Data section =>
[Start of section]

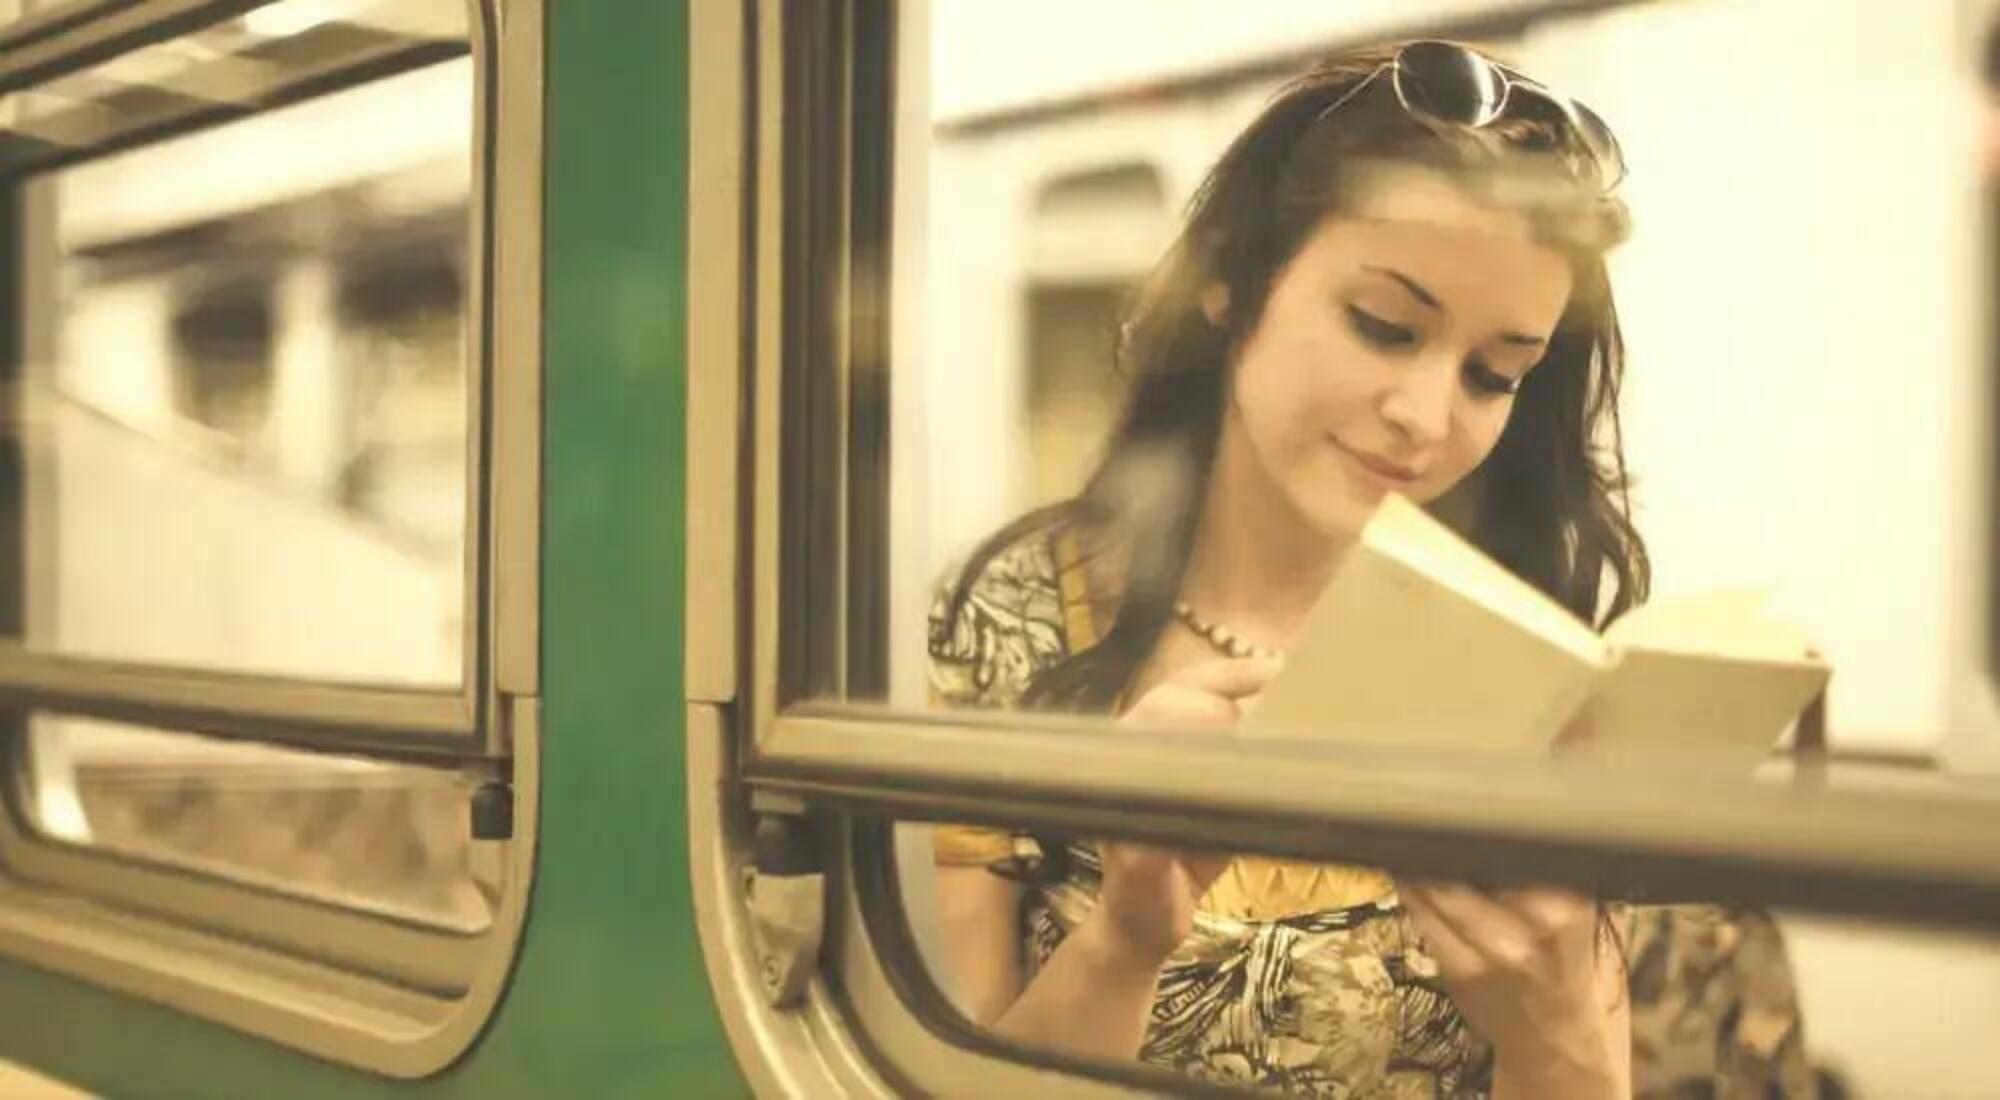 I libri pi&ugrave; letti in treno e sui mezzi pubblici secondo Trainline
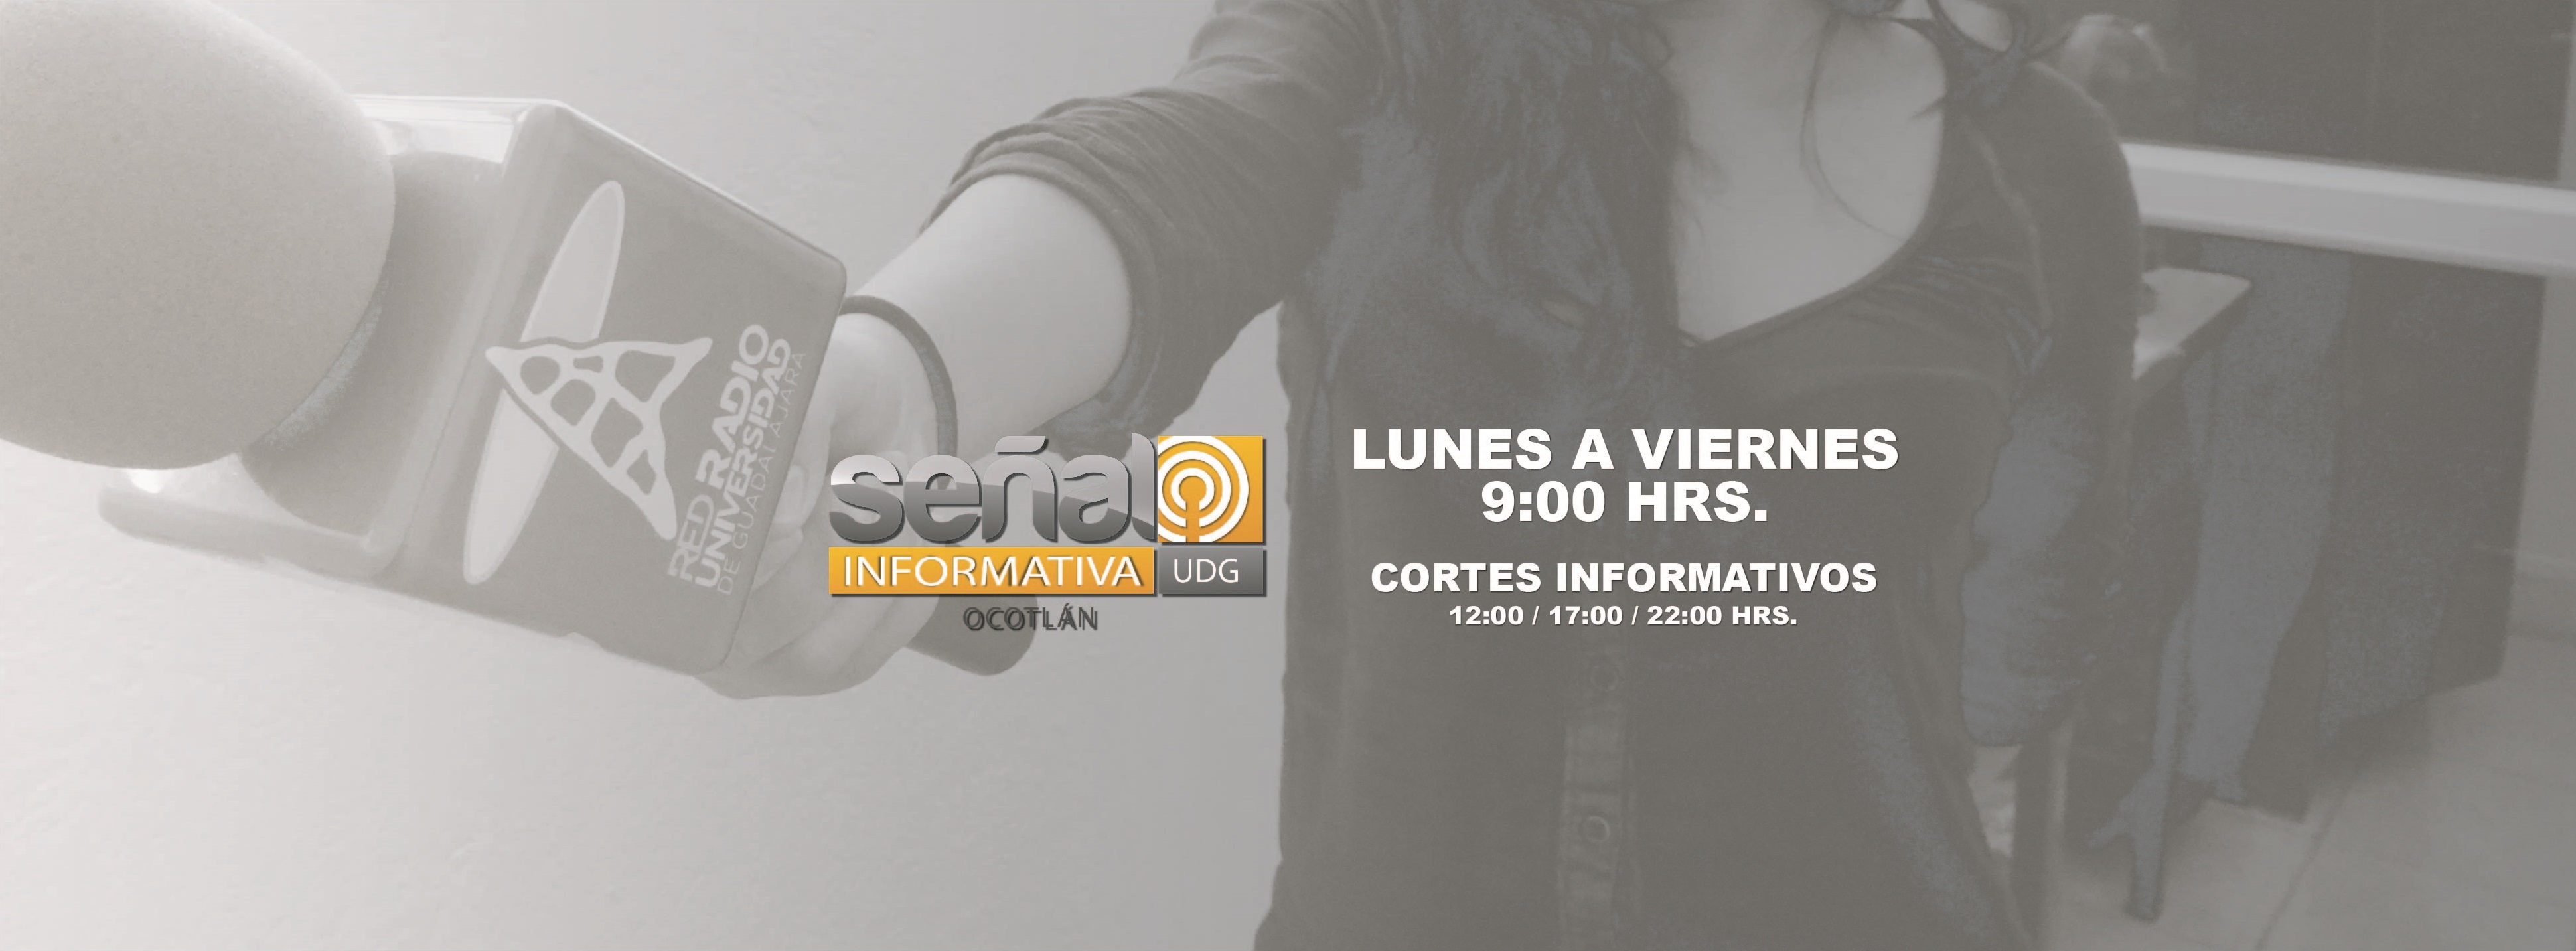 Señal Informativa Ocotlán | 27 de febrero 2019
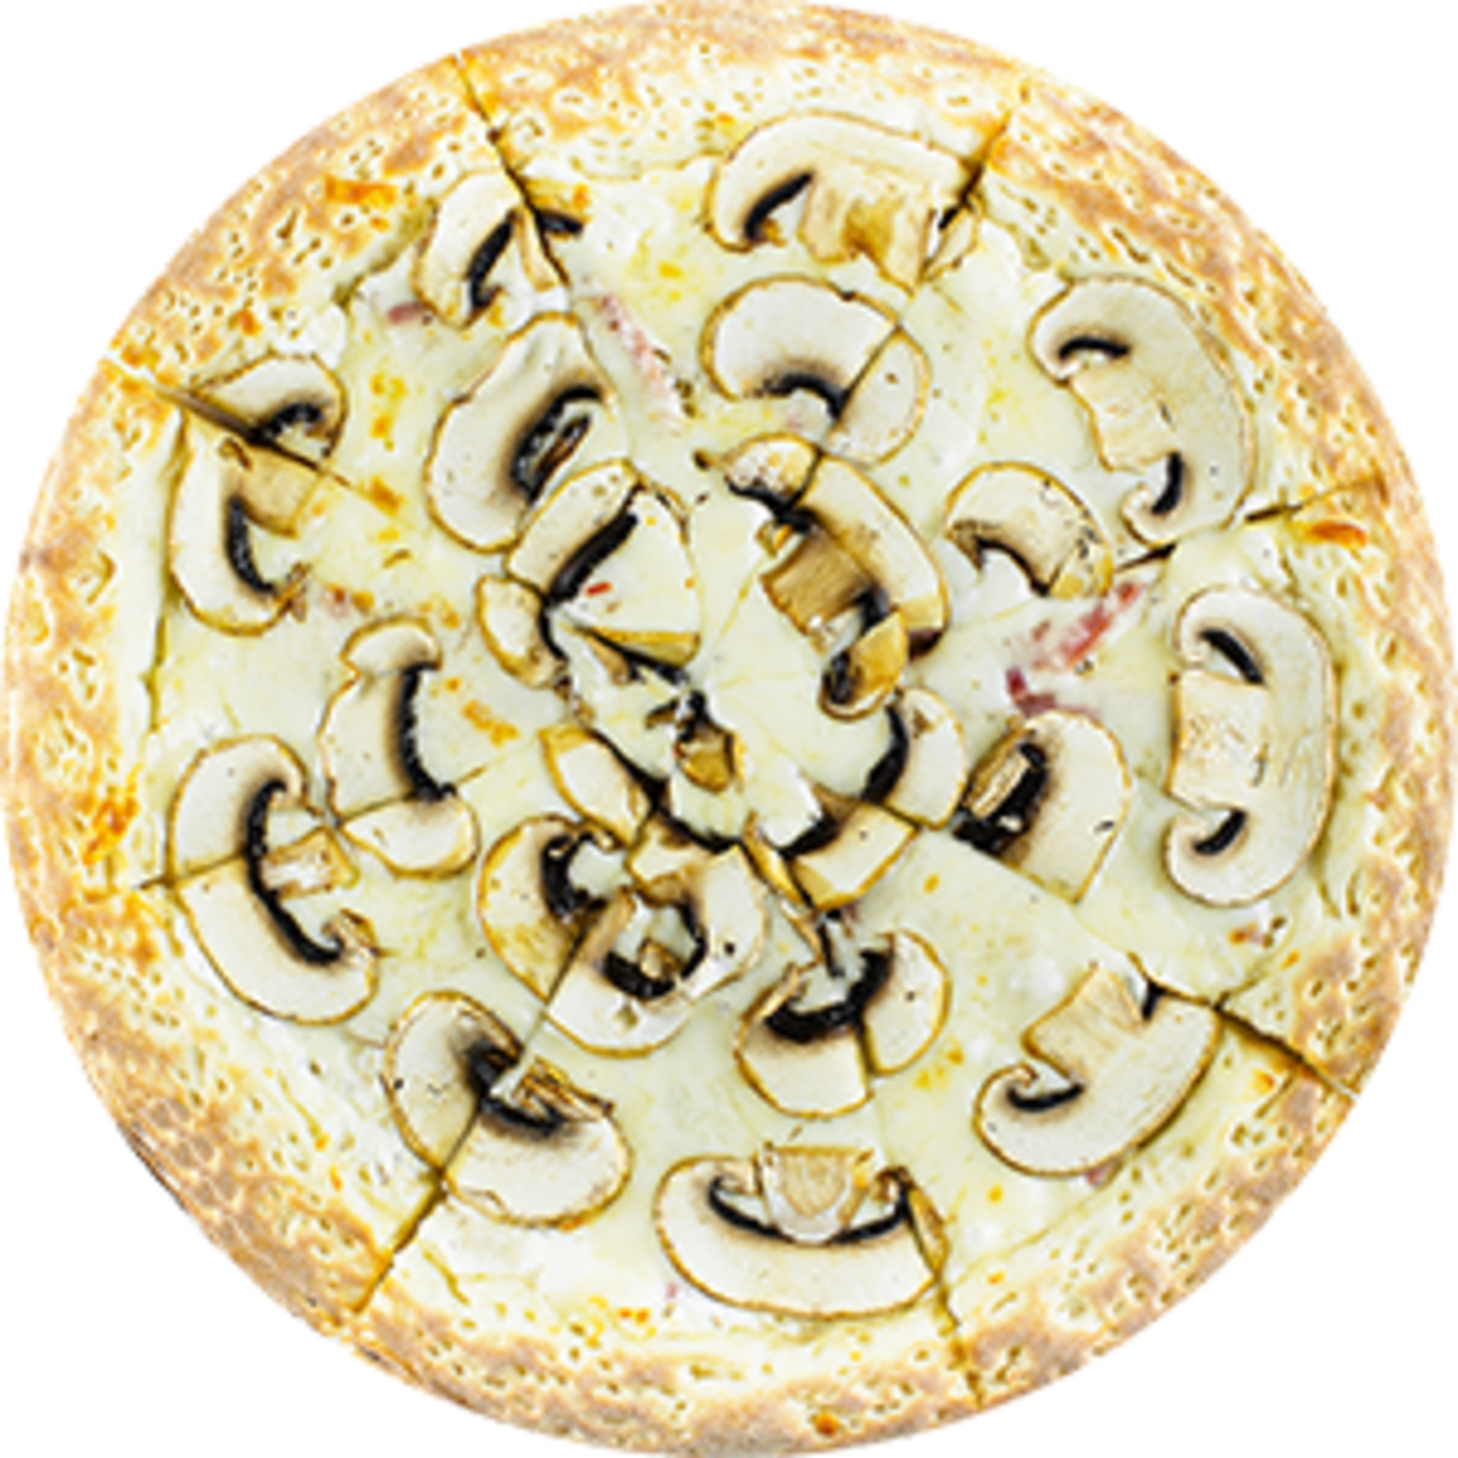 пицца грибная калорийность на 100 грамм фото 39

[End of section]

The problem => Every line of the data above is to be set down exactly; the pictures are not.

The answer =>
 I libri pi&ugrave; letti in treno e sui mezzi pubblici secondo Trainline
 Señal Informativa Ocotlán | 27 de febrero 2019
 пицца грибная калорийность на 100 грамм фото 39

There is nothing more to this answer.